Joe Biden has called on Congress to unite and vote through the next stimulus package. Protracted Democratic-Republican talks are increasing pressure on the Fed to inject additional liquidity into the system. Making matters worse, Treasury Secretary Mnuchin announced last Thursday that he would call time on several programmes that allowed the Fed to provide emergency credit lines to struggling companies. Following this bad news, US Treasury yields continued slipping on Friday, in a cautious climate.
ECB boss Christine Lagarde has called on EU leaders to immediately implement the recovery plan decided in July to counter the economic repercussions of the pandemic. Currently approval is being held up by Hungary and Poland, which have vetoed the European debt-pooling plans on rule-of-law considerations.

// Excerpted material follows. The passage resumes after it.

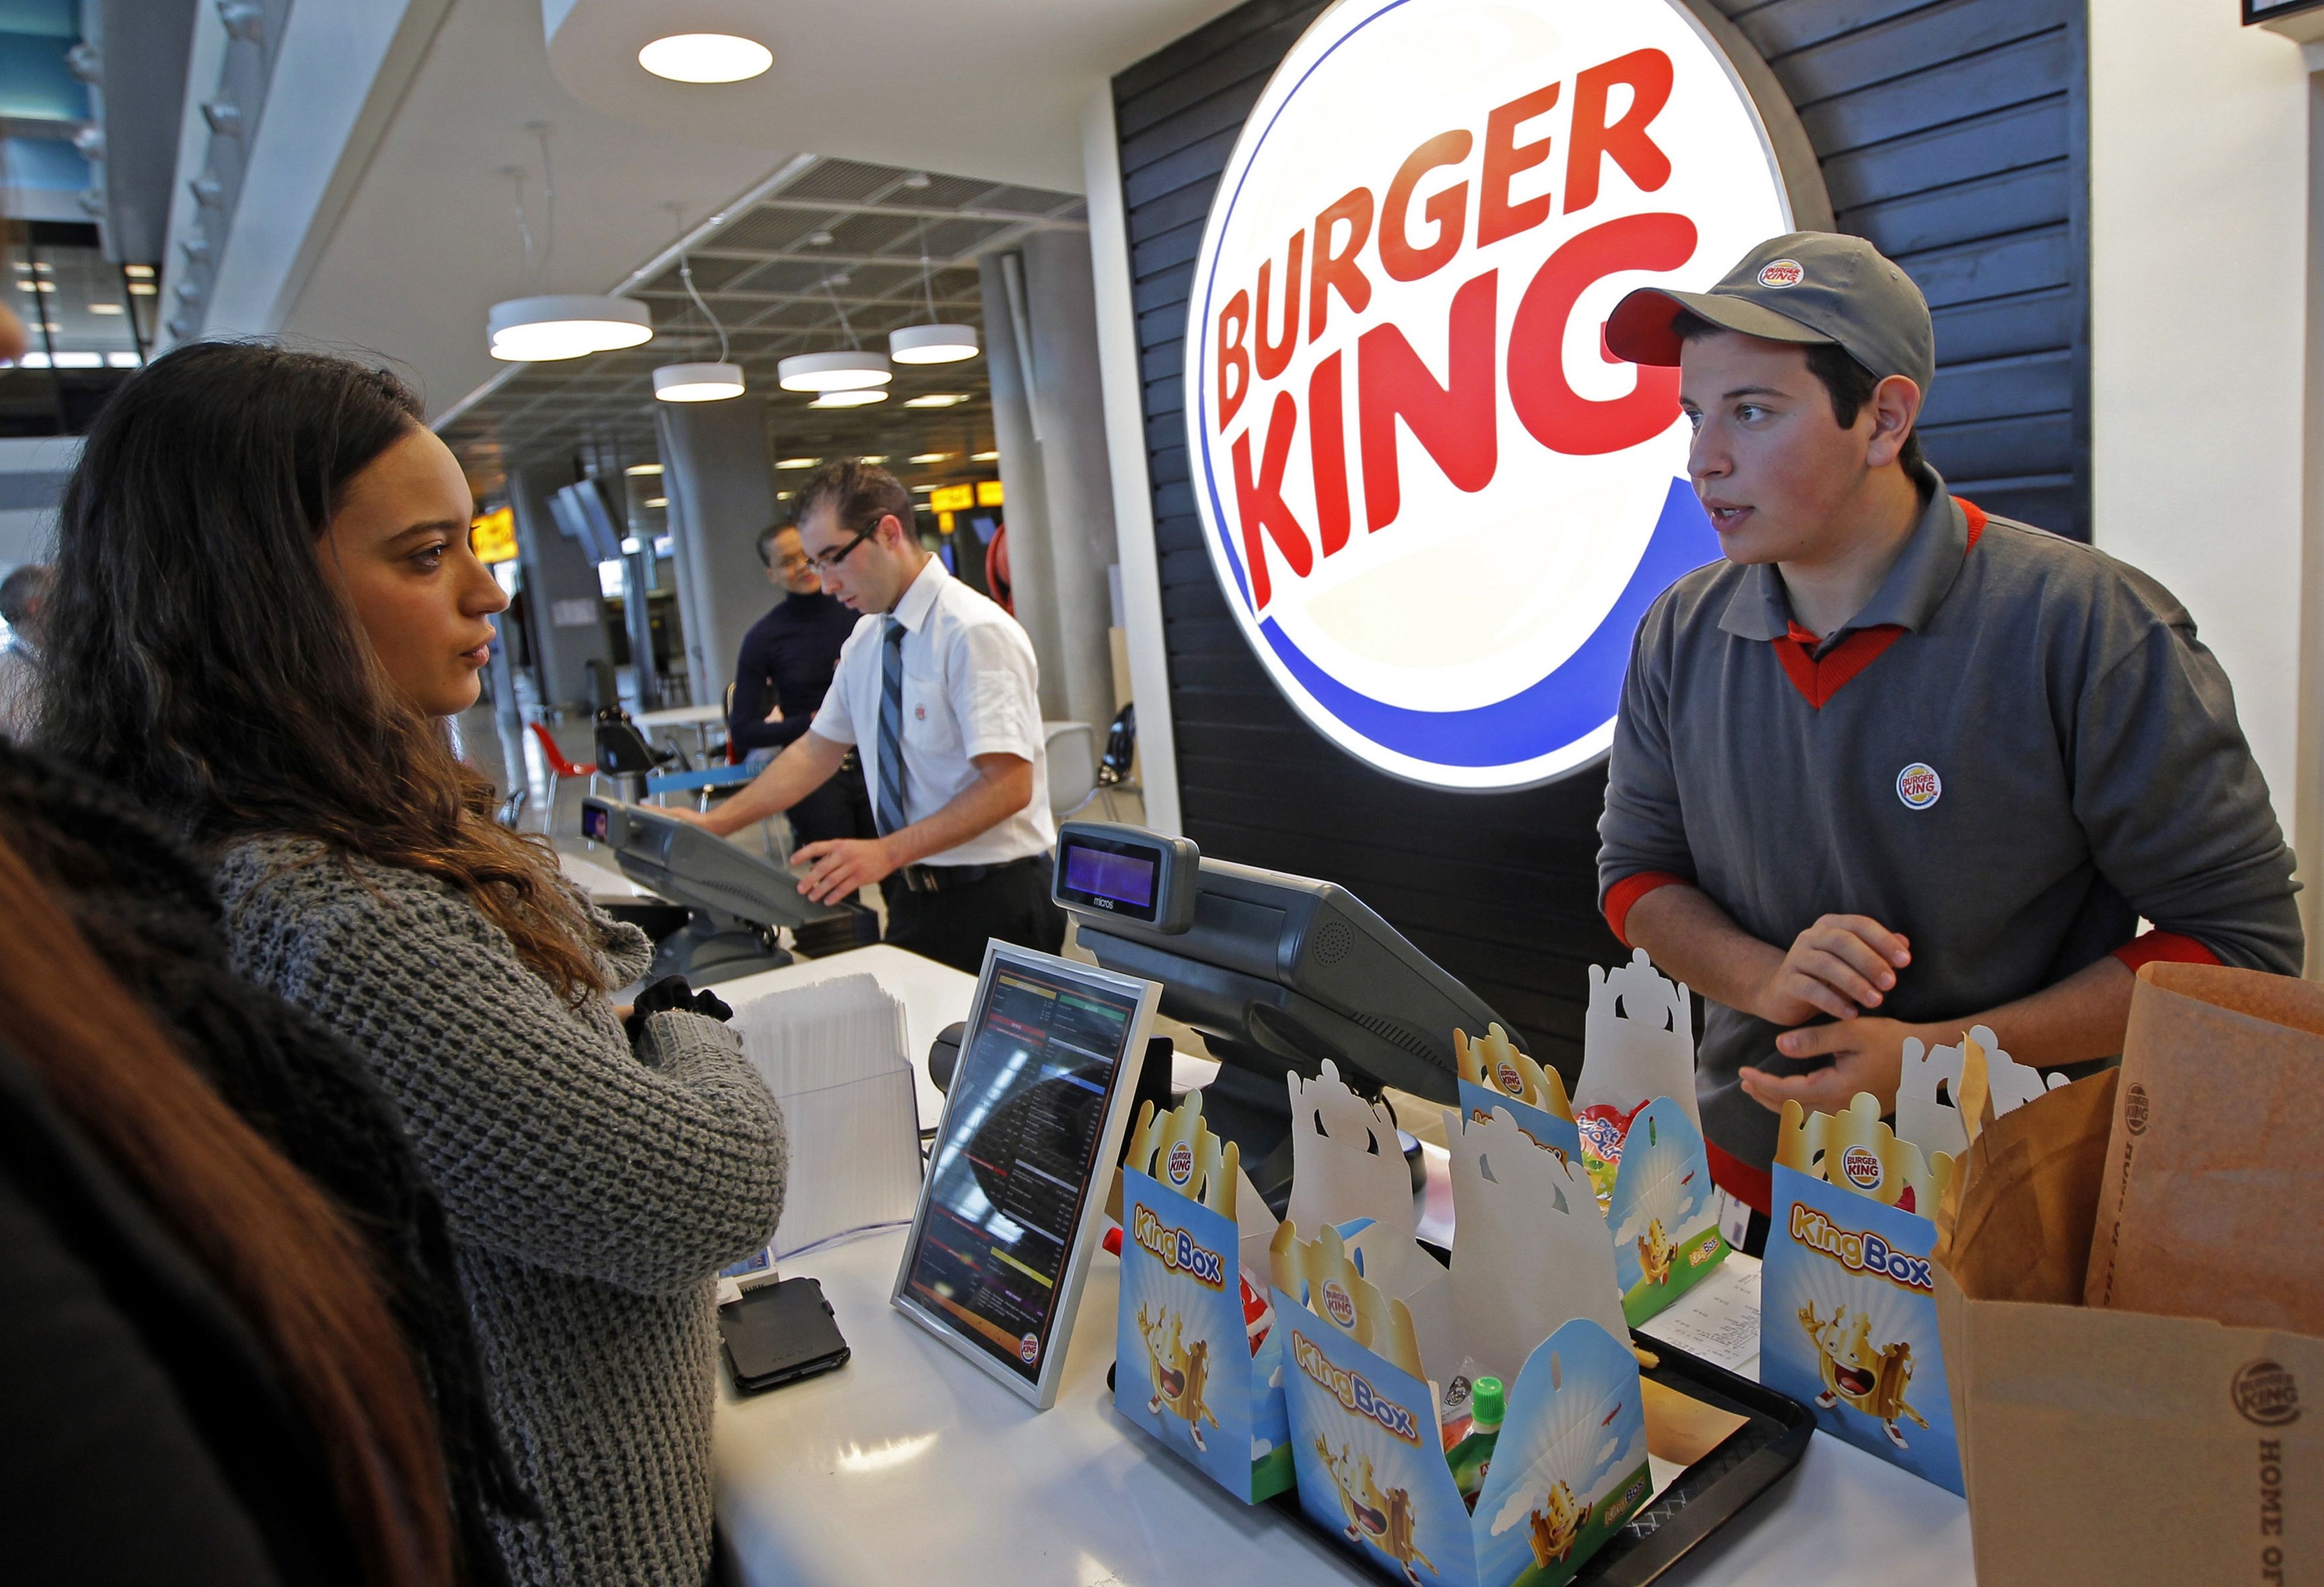 Empleado Burger King

Just as the dollar declines, Bitcoin is approaching the all-time highs seen in 2017. This exceptional performance seems much less influenced by traders and more by investors with a longer-term horizon. Bitcoin is increasingly being used as a payment method by a handful of large companies such as Square or Paypal (listed on the NYSE), all of which are set to gain from its appreciation.
Reaching the USD 18000 mark, the price of bitcoin has risen 250% year to date and is trading not far from its previous peak in 2017. But whereas in the past the Bitcoin rally propelled it to the forefront of the news and its ascent was followed in the same way as investors track the Dow Jones, this time round, appreciation has taken place behind the scenes.
It is analysts who are now sprinting to find an explanation for the upswing. The correlation between Bitcoin and gold is probably the most widely reported: Bitcoin is said to be digital gold – a kind of ‘2.0’ currency injected with the virtues of a safe haven. Bitcoin has seen its popularity soar and is increasingly available as a payment method.
The question is whether it can now be considered a currency, which has three functions: a unit of account, a medium of exchange and a store of value. Here it is clear that the notion of value – required for safe-haven status – is crucially lacking, judging by Bitcoin’s haphazard price trends. Bitcoin has a high implied volatility and will spring a surprise on any investor who parks their money there.
Thus, be wary of misleading statistics: even a broken clock is right twice a day.